The cheapest way to invest in a FTSE 100 index tracker ETF
As stated earlier investing in index tracker ETFs is cheaper than investing in actively managed funds due to the additional management that is required with an actively managed fund. When comparing index tracker ETFs you should compare the ongoing charges figure (OCF) as they differ from ETF to ETF. This figure represents the total cost of running the fund and includes administrative costs such as maintaining records, producing reports and calculating the daily unit price as well as paying for any research that goes into deciding which assets to buy and sell.
Below are three of the cheapest FTSE 100 tracker ETFs which have competitive OCFs.
- OCF - 0.07%
- No other fees are payable
- Tracking error - 0.07%
- ETF type - Physical
iShares Core FTSE 100 UCITS ETF GBP (Acc)
- OCF - 0.07%
- No other fees are payable
- Tracking error - 0.07%
- ETF type - Physical
Vanguard FTSE 100 UCITS ETF (GBP) Accumulating
- OCF - 0.09%
- No other fees are payable
- Tracking error - 0.068%
- ETF type - Physical
In order to invest in a fund you need to use an investment platform or broker. The table below shows the total cost, for differing portfolio sizes, if you were to invest in the Vanguard FTSE 100 UCITS ETF via an ISA or a SIPP with some of the most popular and cheapest investment platforms.

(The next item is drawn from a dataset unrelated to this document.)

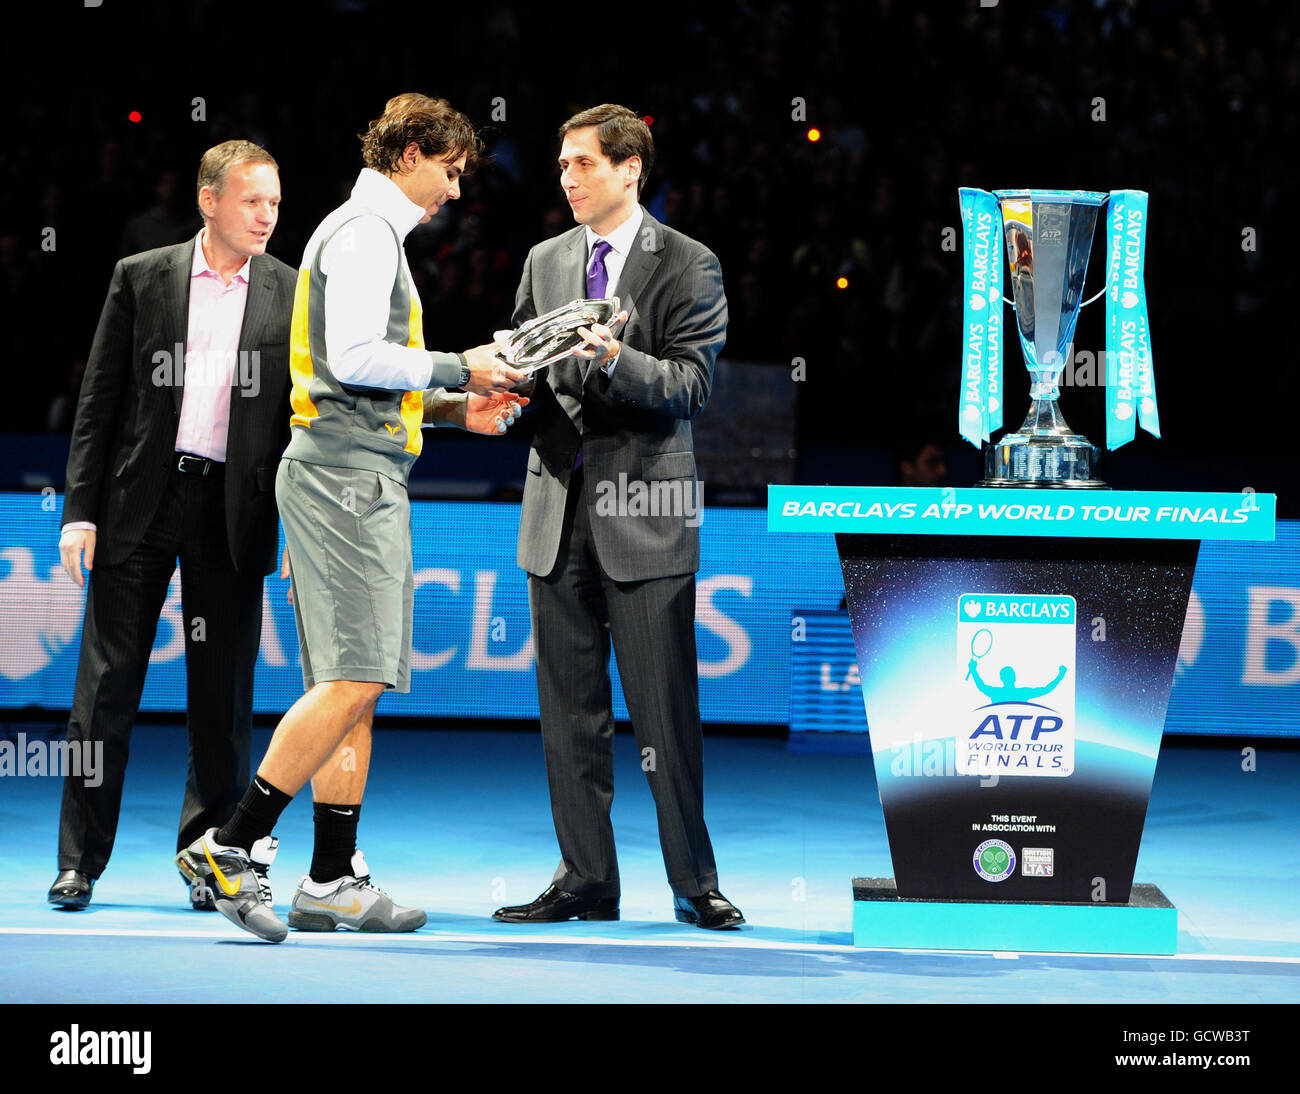 Il spagnolo Rafael Nadal raccoglie i suoi secondi classificati nel corso dell'ottavo giorno delle finali del Barclays ATP World Tennis Tour all'O2 Arena di Londra. Foto Stock

Cheapest way to invest in a FTSE 100 ETF within an ISA
Platform | Single trade cost | Regular investing cost | Platform Fee | Vanguard OCF fund charge | Annual charge on £10,000 | Annual charge on £25,000 | Annual charge on £50,000 | Annual charge on £100,000 |
Annual charge on £250,000
|
Hargreaves Lansdown* | £11.95 | £1.50 | 0.45% per year capped at £45 up to £250,000 | 0.09% | £54 | £67.50 | £90 | £135 | £270 |
Vanguard Investor | £7.50 | n/a | 0.15% p.a. capped at £375 | 0.09% | £24 | £60.00 | £120 | £240 | £600 |
Interactive Investor* | £3.99 | n/a | £4.99 or £11.99 per month | 0.09% | £68.88 | £82.38 | £104.88 | £233.88 | £368.88 |
A J Bell* | £9.95 | £1.50 | 0.25% (max £3.50 per month) | 0.09% | £34 | £64.50 | £87 | £132 | £267 |
Fidelity* | £10.00 | n/a | 0.35% - up to £249,999 capped at £90 for ETFs | 0.09% | £44 | £67.50 | £90 | £135 | £270 |
Cheapest way to invest in a FTSE 100 tracker within a SIPP
Investment Platform |
Single trade cost | Regular investing cost | Platform Fee per annum | Vanguard OCF fund charge | Annual charge on £10,000 | Annual charge on £25000 | Annual charge on £50000 | Annual charge on £100,000 |
Annual charge on £250,000
|
Hargreaves Lansdown* | £11.95 | £1.50 | 0.45% up to £250,000 (platform fee capped at £200 for ETFs) | 0.09% | £54 | £135 | £245 | £290 | £425 |
Vanguard Investor | £7.50 | n/a | 0.15% p.a. capped at £375 | 0.09% | £24 | £60 | £120 | £240 | £600 |
Interactive Investor* | £3.99 | n/a | £12.99 per month | 0.09% | £164.88 | £178.38 | £200.88 | £245.88 | £380.88 |
A J Bell* | £9.95 | £1.50 | 0.25% on first £250,000 (max £10 per month for ETFs) | 0.09% | £34 | £85 | £165 | £210 | £345 |
Fidelity* | £10.00 | n/a | 0.35% - up to £249,999, capped at £90 for ETFs | 0.09% | £44 | £67.50 | £90 | £135 | £270 |
As you can see from the above information the decision about which investment platform to use can make a significant difference to your returns over time. Also, many platforms have the same charges for both ISA and SIPP but not all, so it may be cheaper to have your ISA with one platform and your SIPP with another as shown above.